How Google LightweightMMM Works

After Apple’s iOS14 update and Facebook’s release of the Robyn Media Mix Modeling tool, everyone has been awaiting Google’s response. Because it uses aggregate data, MMM is a solution to the death of tracking and the cookie-less future, so it’s future-proof to any changes in the rules, whether they come from Apple or government legislation. Given the popularity of Robyn and that Google uses a Bayesian framework (closer to what we use at Recast), we thought it would be a good exercise to lay out exactly how google’s new tool works. 

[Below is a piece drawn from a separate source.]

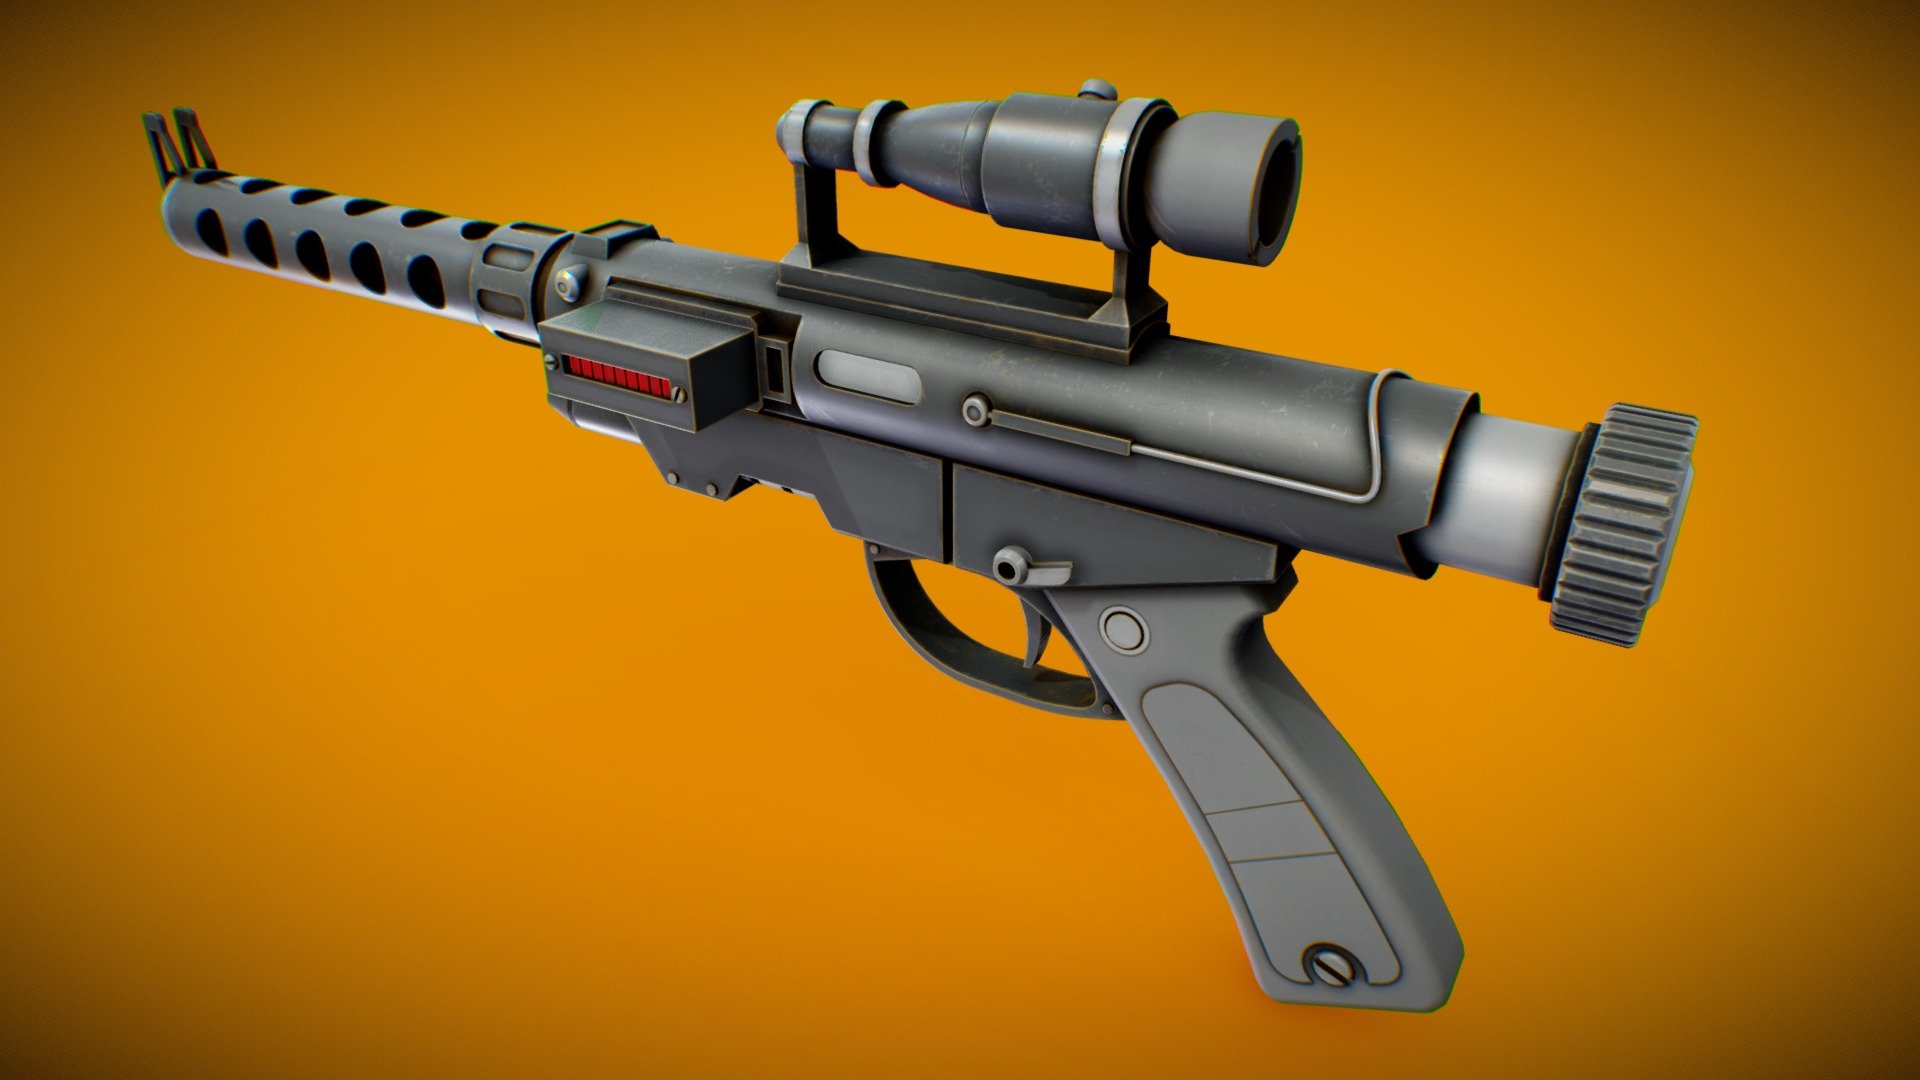 RG4D Blaster Pistol - Star Wars

Just like our review of Robyn, this isn’t one of those “Us vs Competitor” posts: Google LightweightMMM is free, which makes it a better choice over Recast in many scenarios, much like Google Analytics is a better choice for most brands than a paid for tool like Amplitude or Mixpanel. However, where we do things differently, we won’t hold back on explaining why we do it that way. Because it’s open-source, anyone can look at the code and see exactly how LightweightMMM works. This transparency helps a lot when you’re dealing with a highly technical topic like marketing attribution, and we can all learn from Google’s contribution.

Most people won’t know this, but before Robyn, Google was actually way ahead of the game on MMM. In 2017-2018 they released several extremely useful papers on Bayesian MMM that inspired startups like HelloFresh when building their own custom models in-house. These papers were ahead of their time, pre-dating iOS14 and the industry’s scramble towards better attribution options. They provided a significant contribution to the industry, and taught me personally a lot about MMM, in particular Bayesian MMM, when I was still learning the field.

If you notice a pattern that ties these papers together, it’s a focus on Bayesian methods and Geo-Level data to solve the myriad of problems that make MMM so hard. When I saw Google had released its own open-source MMM library, LightweightMMM, I was delighted to see it referenced the stellar work and thought leadership in the original Google papers. This is not an *official* Google product like Facebook’s Robyn is, and it’s not even the only Google MMM project – another engineer released Cookieless Regression Based Attribution, or ‘RBA’, in August 2021. However in my opinion this is the most comprehensive and useful response to Facebook’s entry to the MMM market that we’ve seen to date.

Marketing Mix Modeling in Python

Bayesian algorithms and Geo-Level support aren’t the only areas where Google has taken the opposite ideological approach to Facebook. This model is in Python, rather than R which Facebook chose for Robyn. Though the team at Facebook is working on a Python wrapper of their R library, the core development is likely to remain in R for some time. This is a big distinction not because one language is necessarily better than another (Recast uses R and stan internally), but because of accessibility, making it easier for you to build your own model. R has been the language of choice for traditional Econometricians and Statisticians who have been running MMM historically. However Python is a faster growing and far more widely used language, with 48% of respondents to Stack Overflow’s developer survey 2022 using it compared to just 5% using R.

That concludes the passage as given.